Deep metric learning extends this concept by leveraging nonlinear transformations through deep neural networks. This approach creates a flexible embedding space. It enables the model to minimize the distance between similar samples and maximize the separation between different samples [2, 3]. Deep metric learning has been successful in various applications, including image text retrieval, text classification, face recognition, and multimodal data representation [1]. Existing works widely adopt architectures such as Siamese networks and loss functions (e.g., triplet loss [4] and contrastive loss [5]) to effectively capture the relationship between pairs or groups of samples.
We introduce the concepts of deep metric learning to calculate incongruity at the representation level rather than at the sample level. Our method iteratively calculates complete multi-modal incongruity to capture the subtle relationships between representations for multi-modal sarcasm detection. This approach generalizes deep metric learning concepts to capture more complex relationships, offering a broader and more adaptable solution for multimodal learning tasks.
[1] Suárez J L, García S, Herrera F. A tutorial on distance metric learning: Mathematical foundations, algorithms, experimental analysis, prospects and challenges[J]. Neurocomputing, 2021, 425: 300-322.
[2] Peng L, Jian S, Li D, et al.

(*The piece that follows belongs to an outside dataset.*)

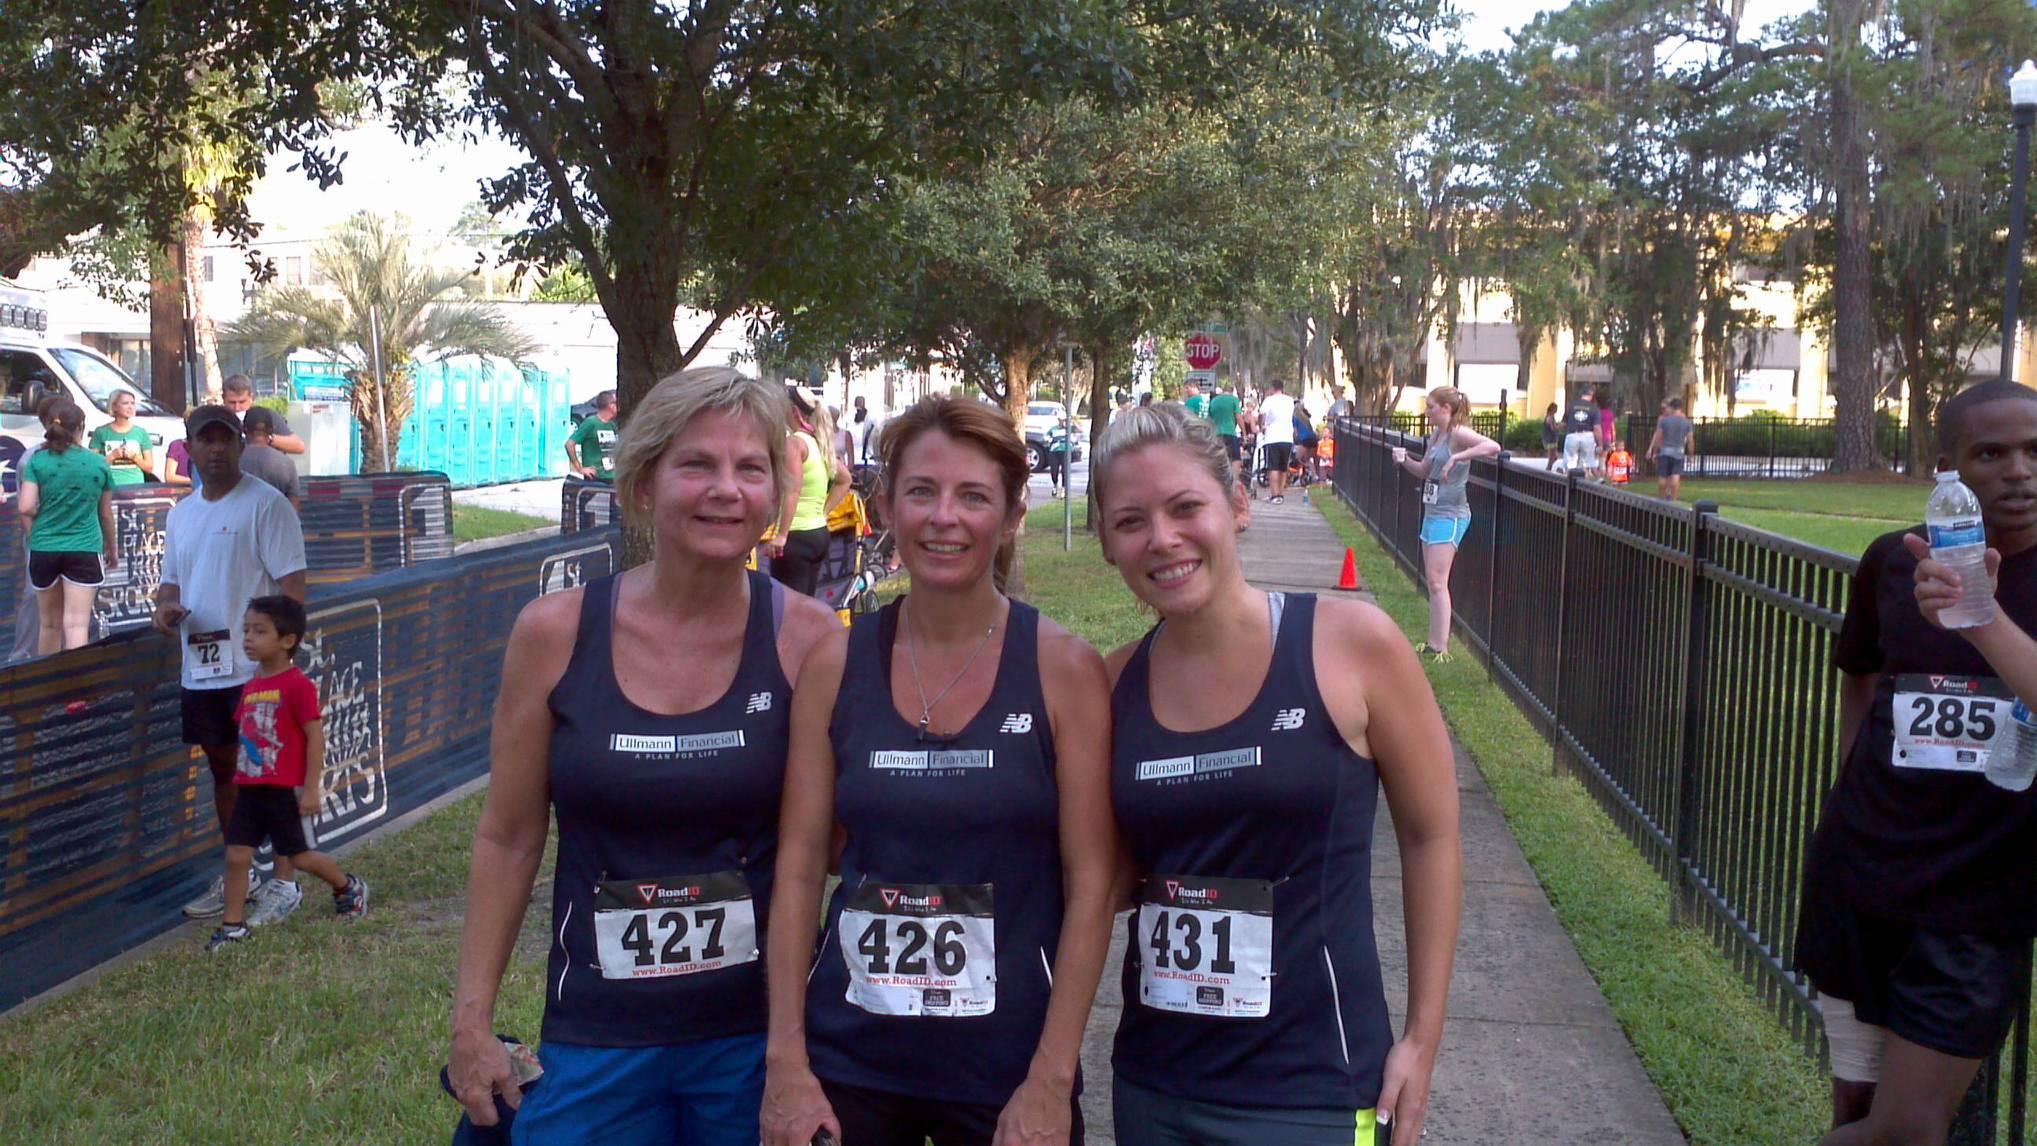 Shirt design jacksonville fl - Financial Planning Association 5k Run Jacksonville Fl T Shirt Photo

Mrml: Multimodal rumor detection by deep metric learning[C]//ICASSP 2023-2023 IEEE International Conference on Acoustics, Speech and Signal Processing (ICASSP). IEEE, 2023: 1-5.
[3] Wang H, Tang P, Kong H, et al. DHCF: Dual disentangled-view hierarchical contrastive learning for fake news detection on social media[J]. Information Sciences, 2023, 645: 119323.
[4] Hoffer E, Ailon N. Deep metric learning using triplet network[C]//Similarity-based pattern recognition: third international workshop, SIMBAD 2015, Copenhagen, Denmark, October 12-14, 2015. Proceedings 3. Springer International Publishing, 2015: 84-92.
[5] Hadsell R, Chopra S, LeCun Y. Dimensionality reduction by learning an invariant mapping[C]//2006 IEEE computer society conference on computer vision and pattern recognition (CVPR'06). IEEE, 2006, 2: 1735-1742.
[6] Globerson A, Roweis S. Metric learning by collapsing classes[J]. Advances in neural information processing systems, 2005, 18.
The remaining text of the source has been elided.